## What is expected
Set down a true copy of the data, with all pictures left out.

## Stored data
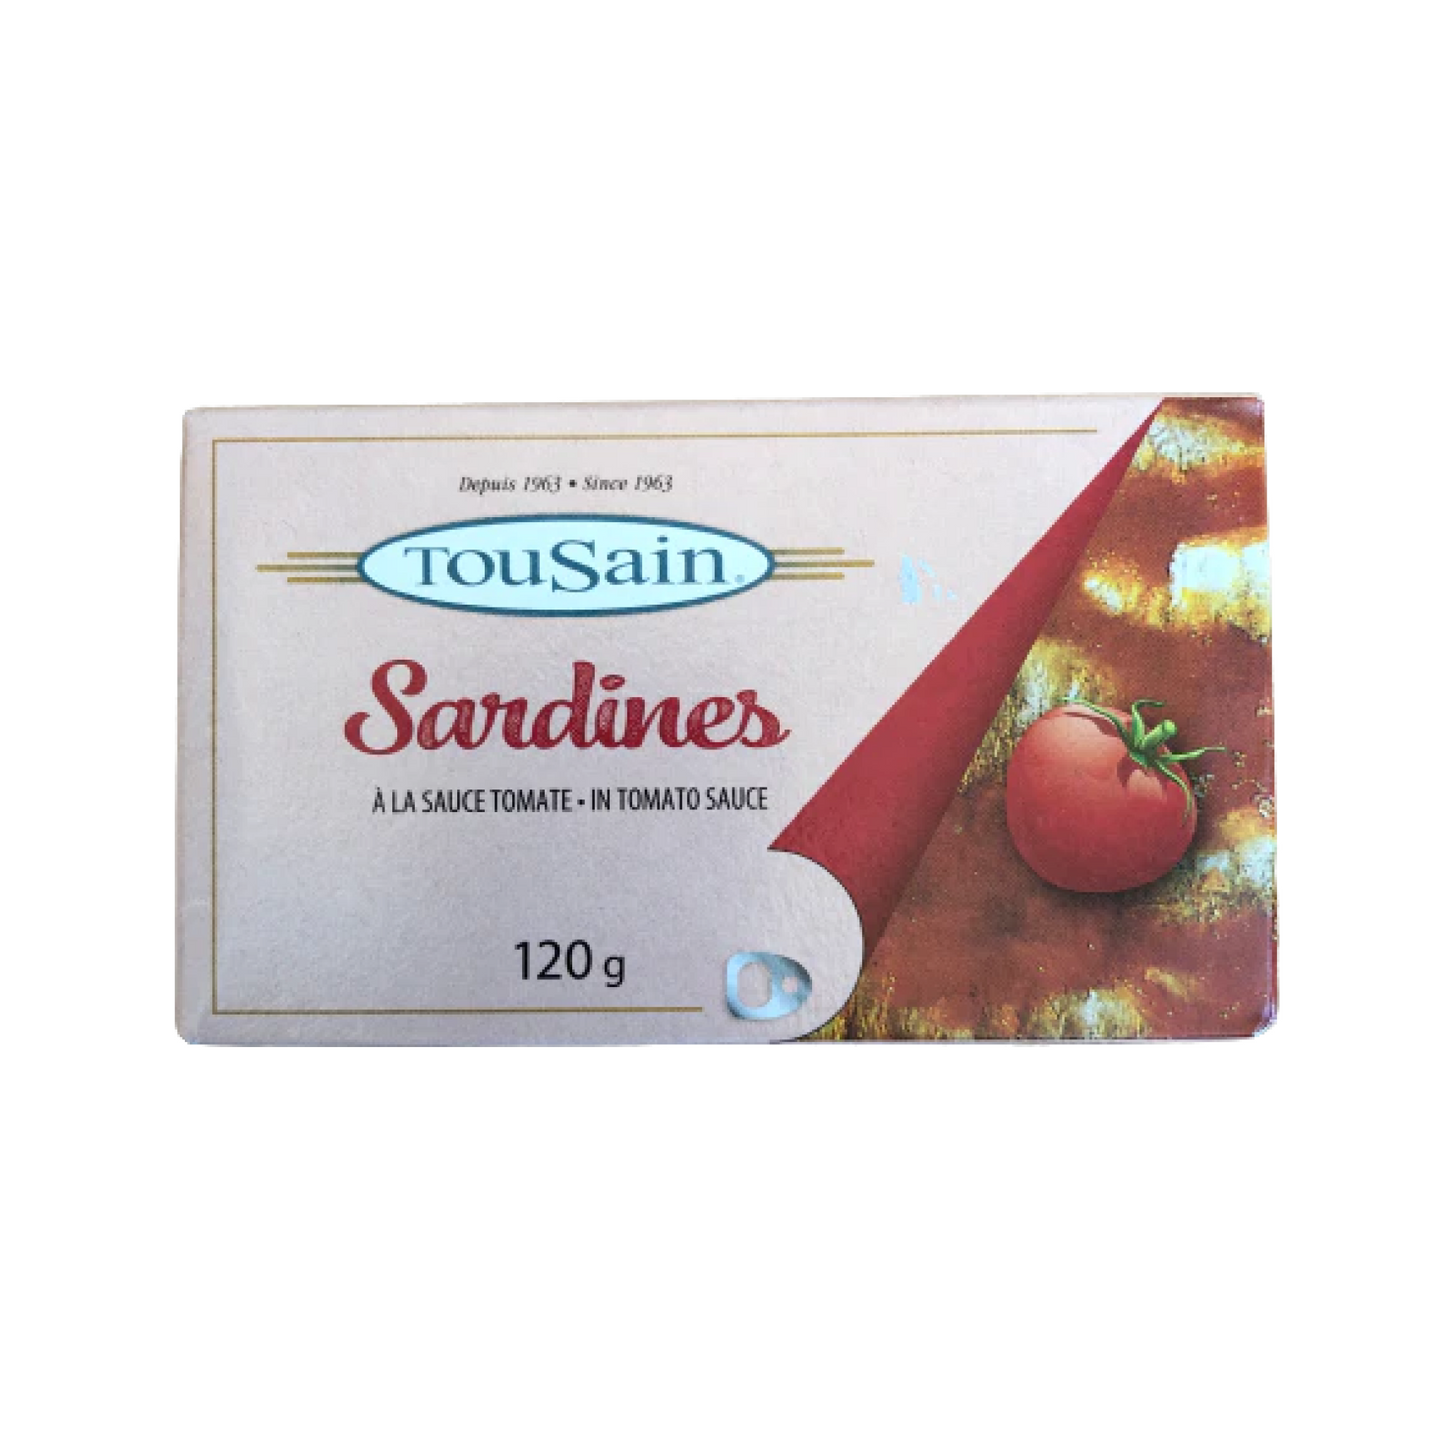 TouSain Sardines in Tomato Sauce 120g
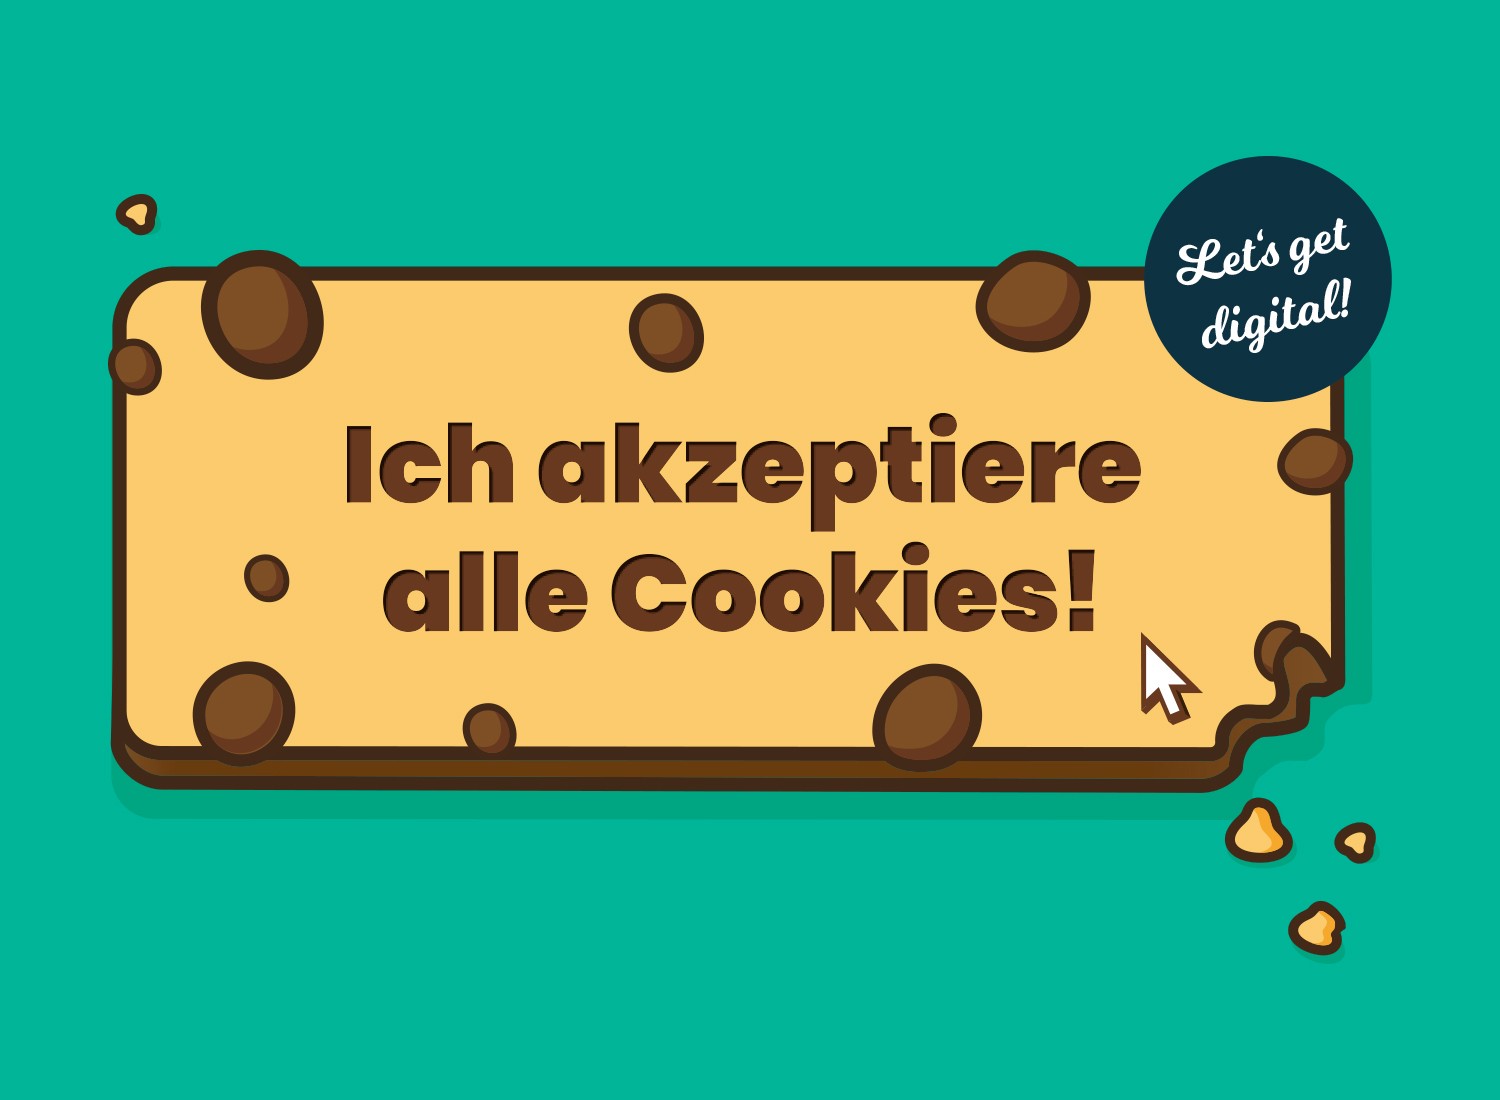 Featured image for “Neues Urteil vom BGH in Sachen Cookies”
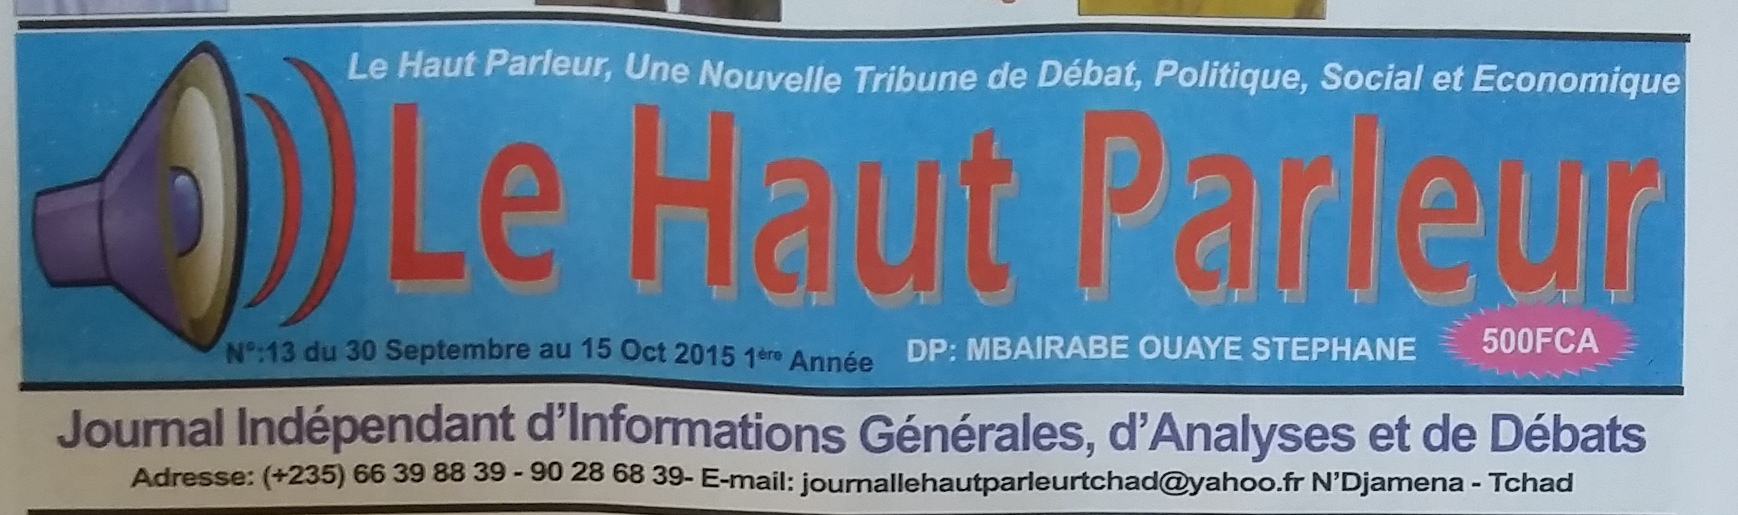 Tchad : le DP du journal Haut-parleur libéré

## Result below
 TouSain Sardines in Tomato Sauce 120g
 Featured image for “Neues Urteil vom BGH in Sachen Cookies”
 Tchad : le DP du journal Haut-parleur libéré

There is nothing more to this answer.